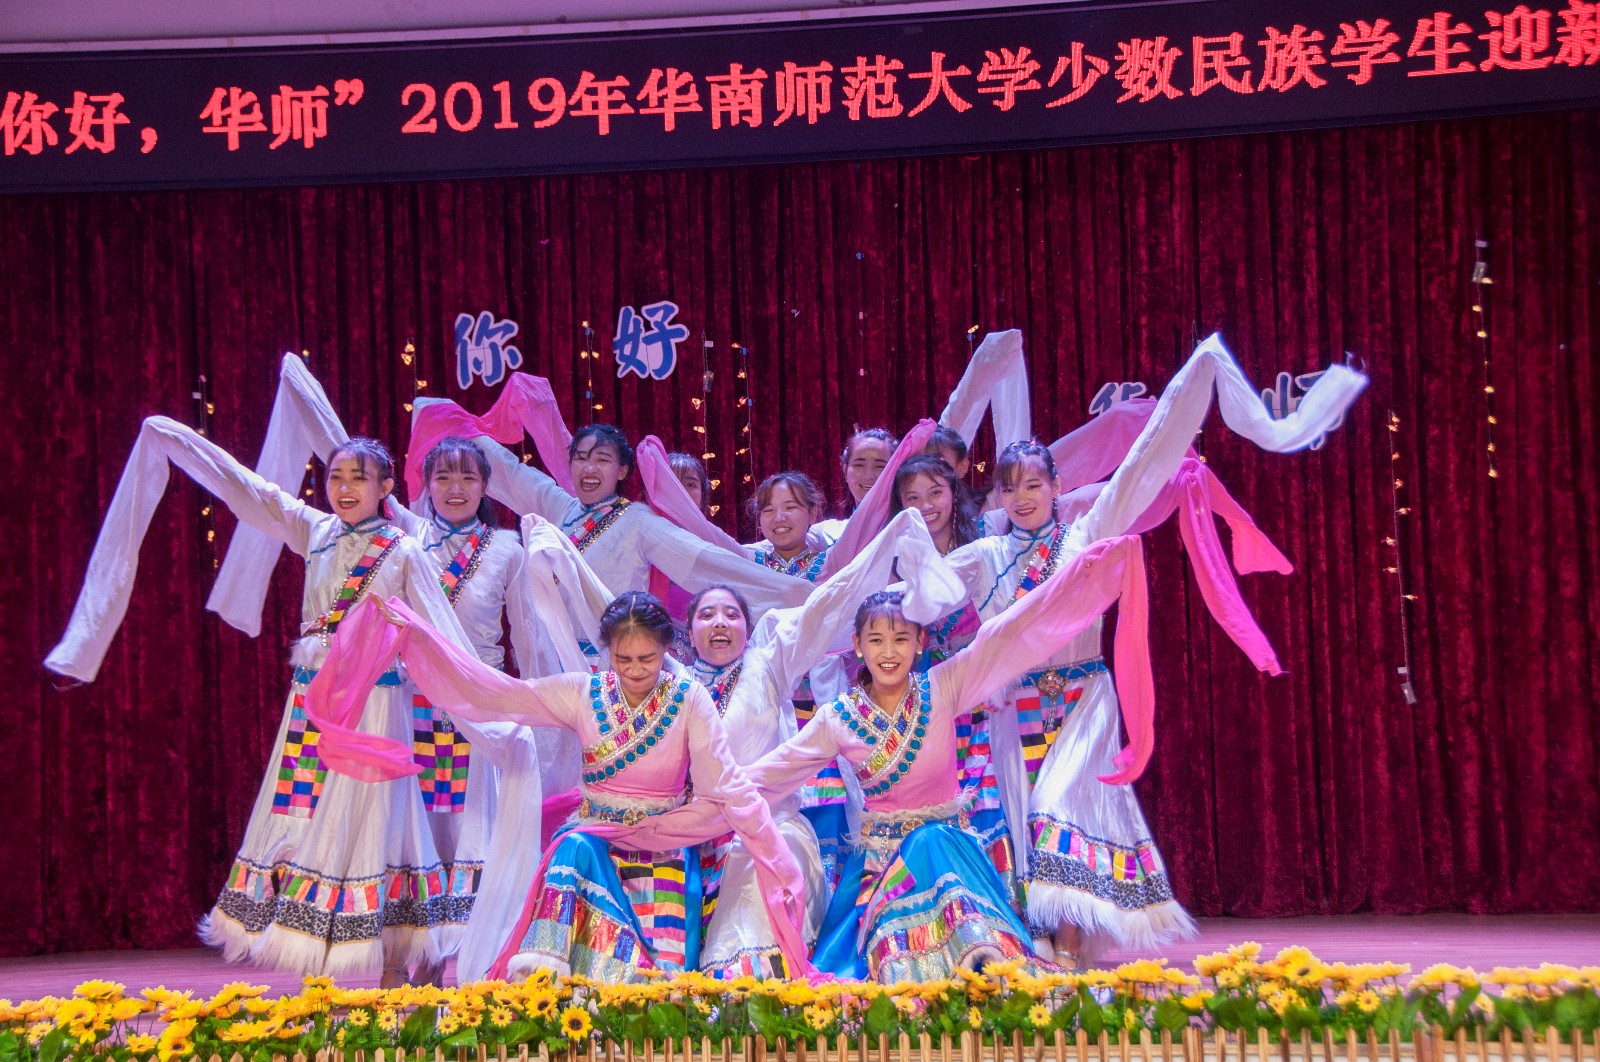 藏族舞蹈《青春踢踏》.jpg
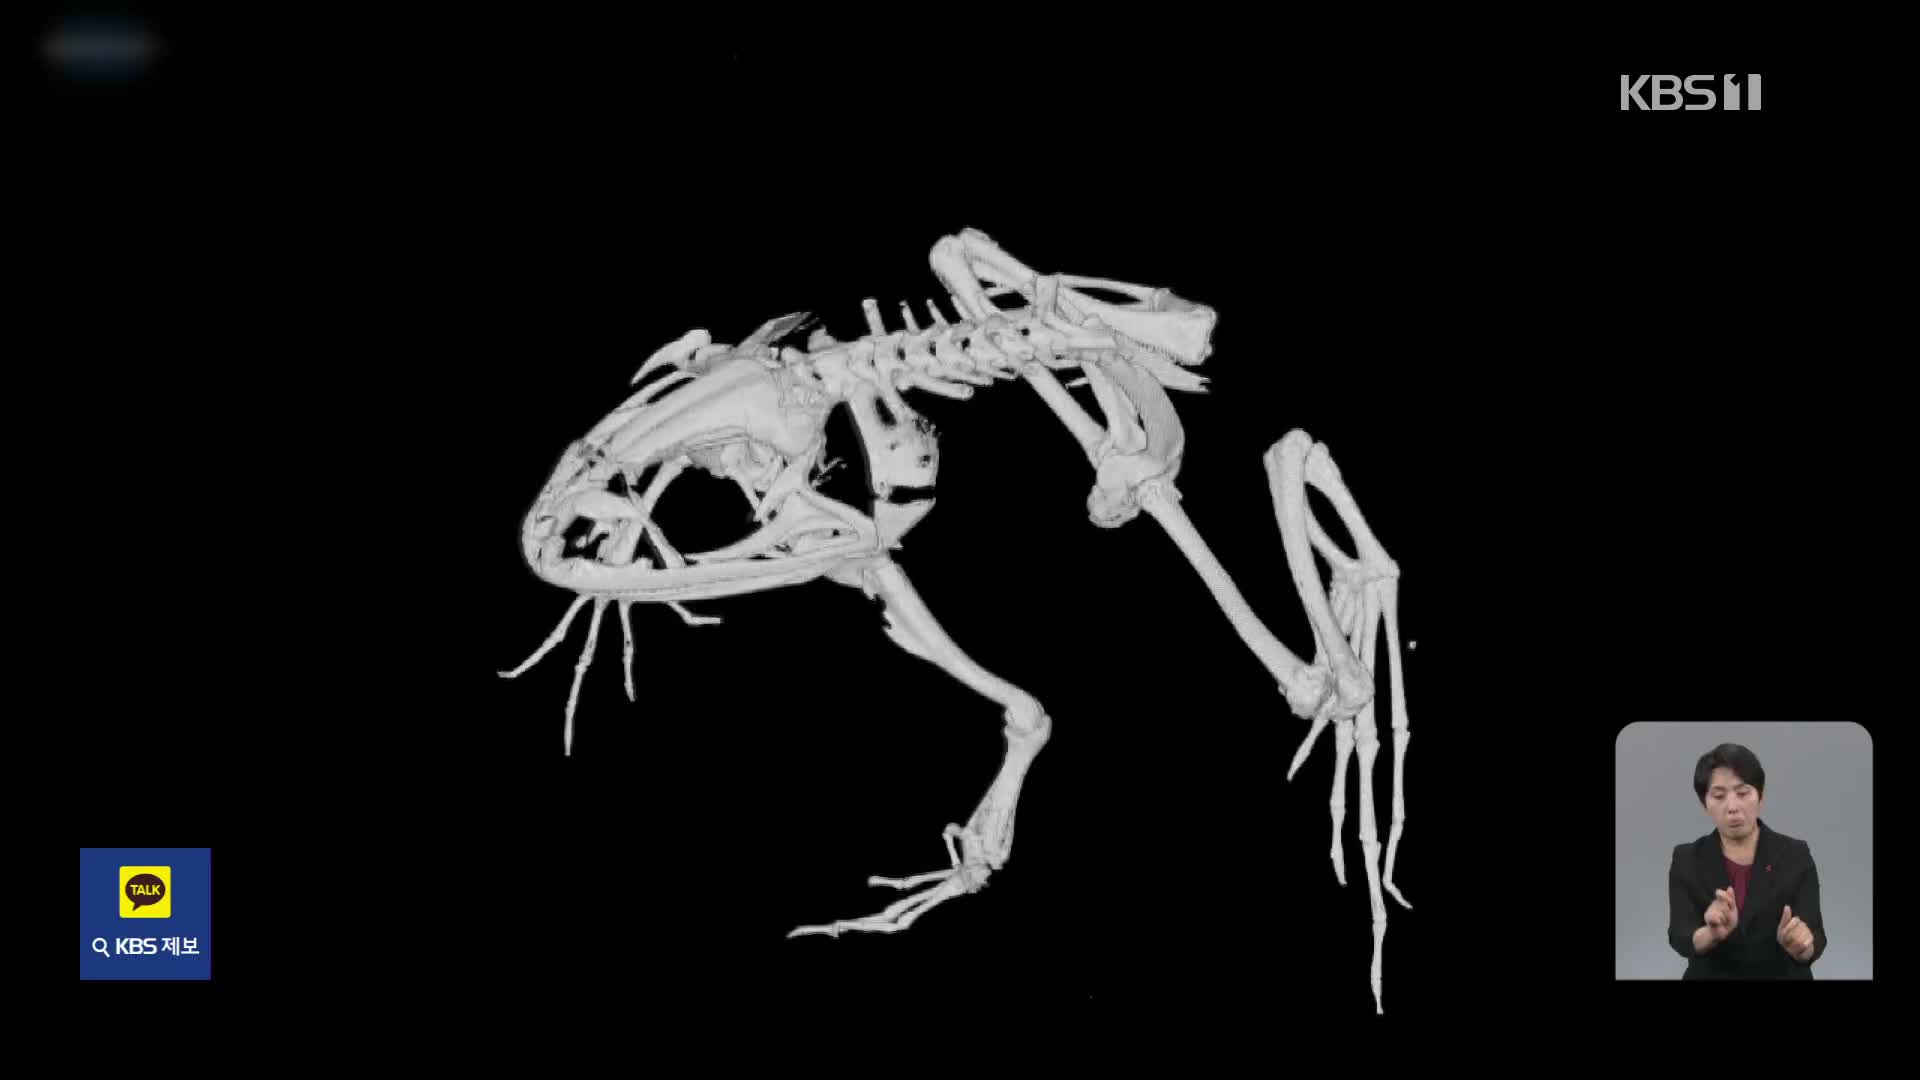 [기후는 말한다] ‘멸종 위기’ 금개구리, 3D로 보전한다
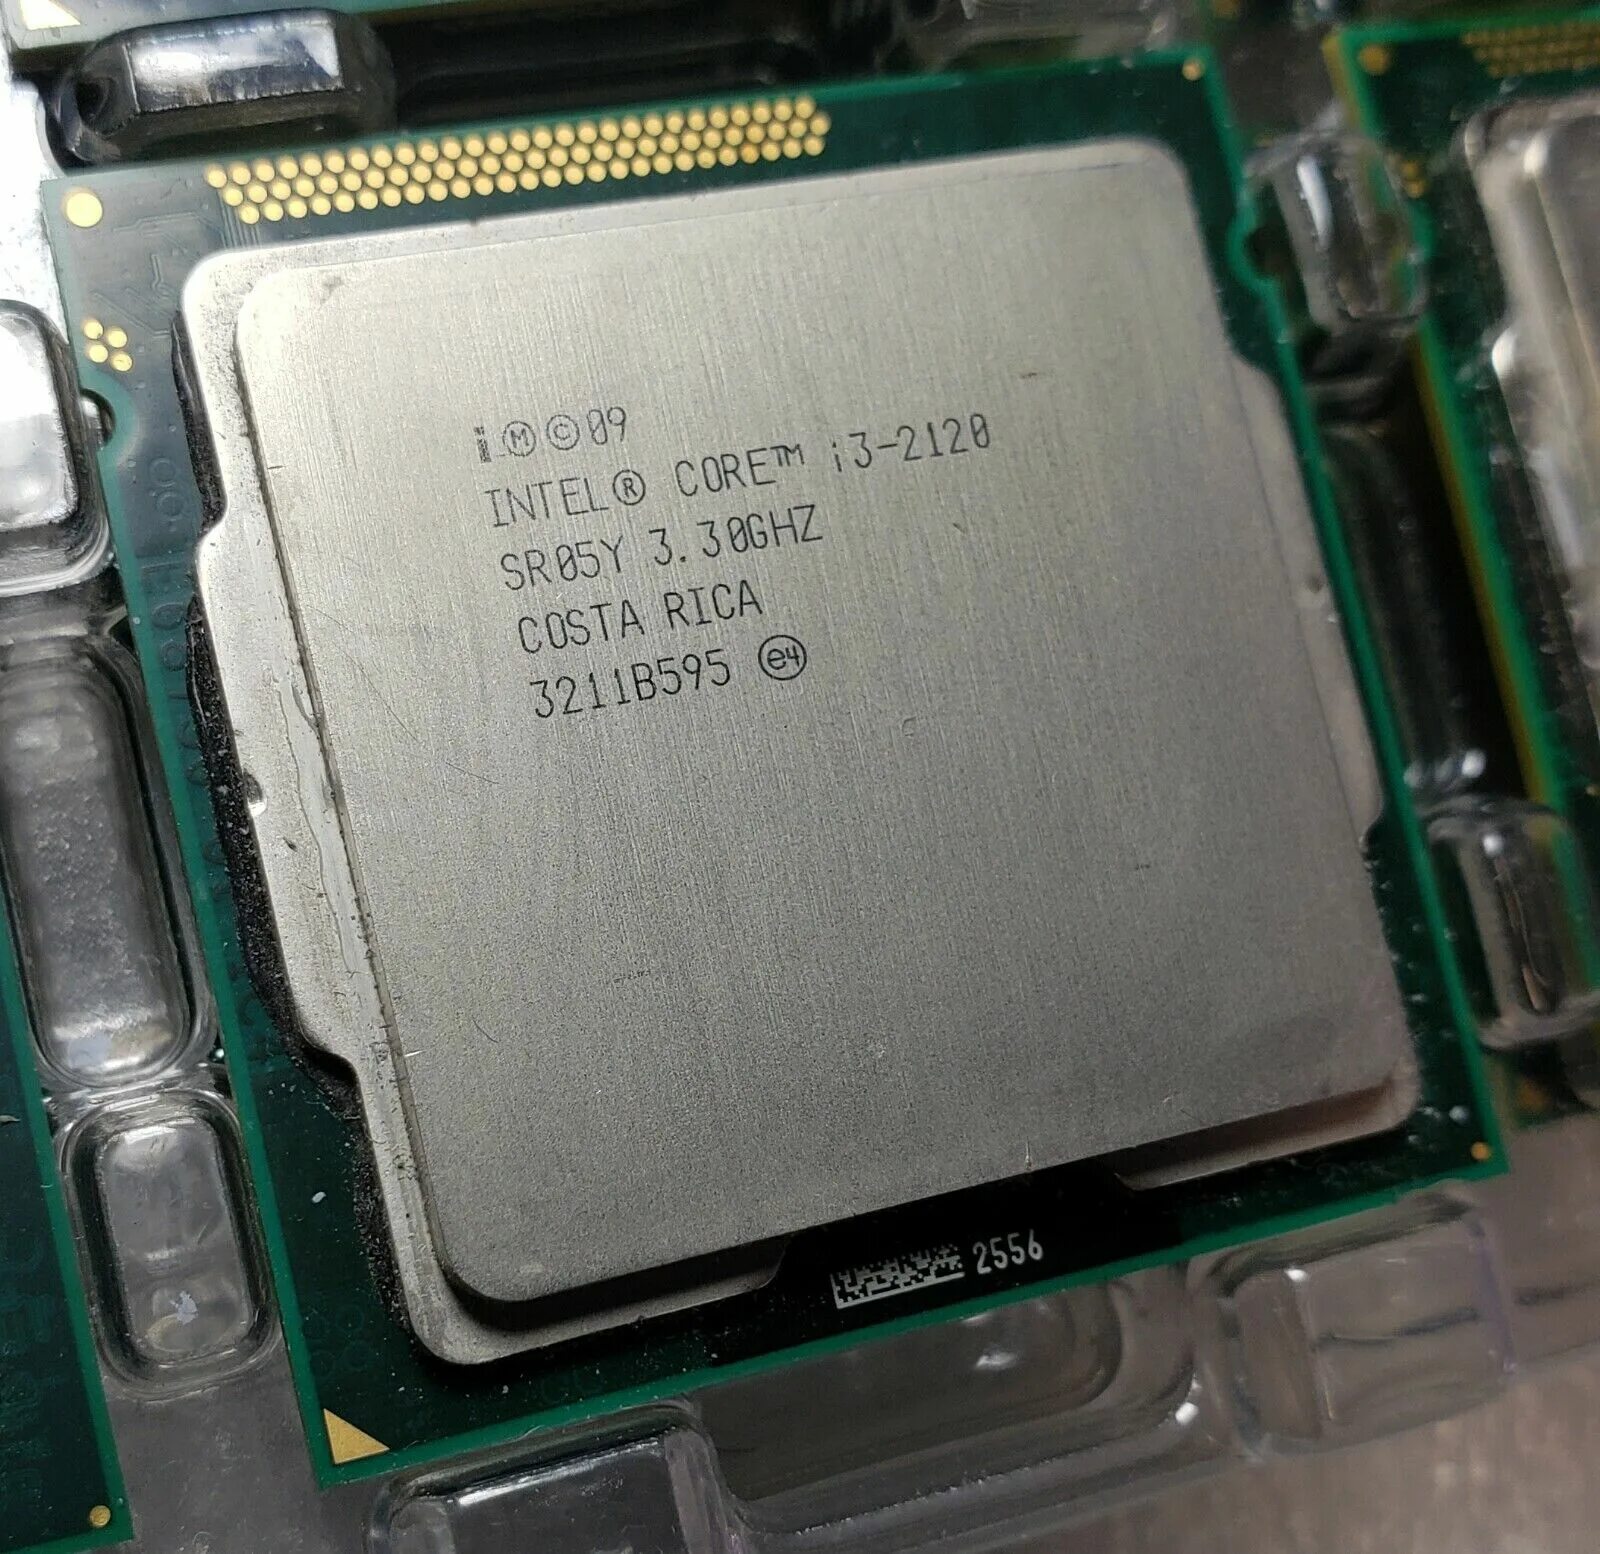 2120 сокет. Процессор Intel Core i3 1155. Интел i3 2120. Intel® Core™ i3-2120. Core i3 2120 3.3GHZ.

+--

The listing should be transcribed exactly. No picture is to appear in the transcription.

 藏族舞蹈《青春踢踏》.jpg
 [기후는 말한다] ‘멸종 위기’ 금개구리, 3D로 보전한다
 2120 сокет. Процессор Intel Core i3 1155. Интел i3 2120. Intel® Core™ i3-2120. Core i3 2120 3.3GHZ.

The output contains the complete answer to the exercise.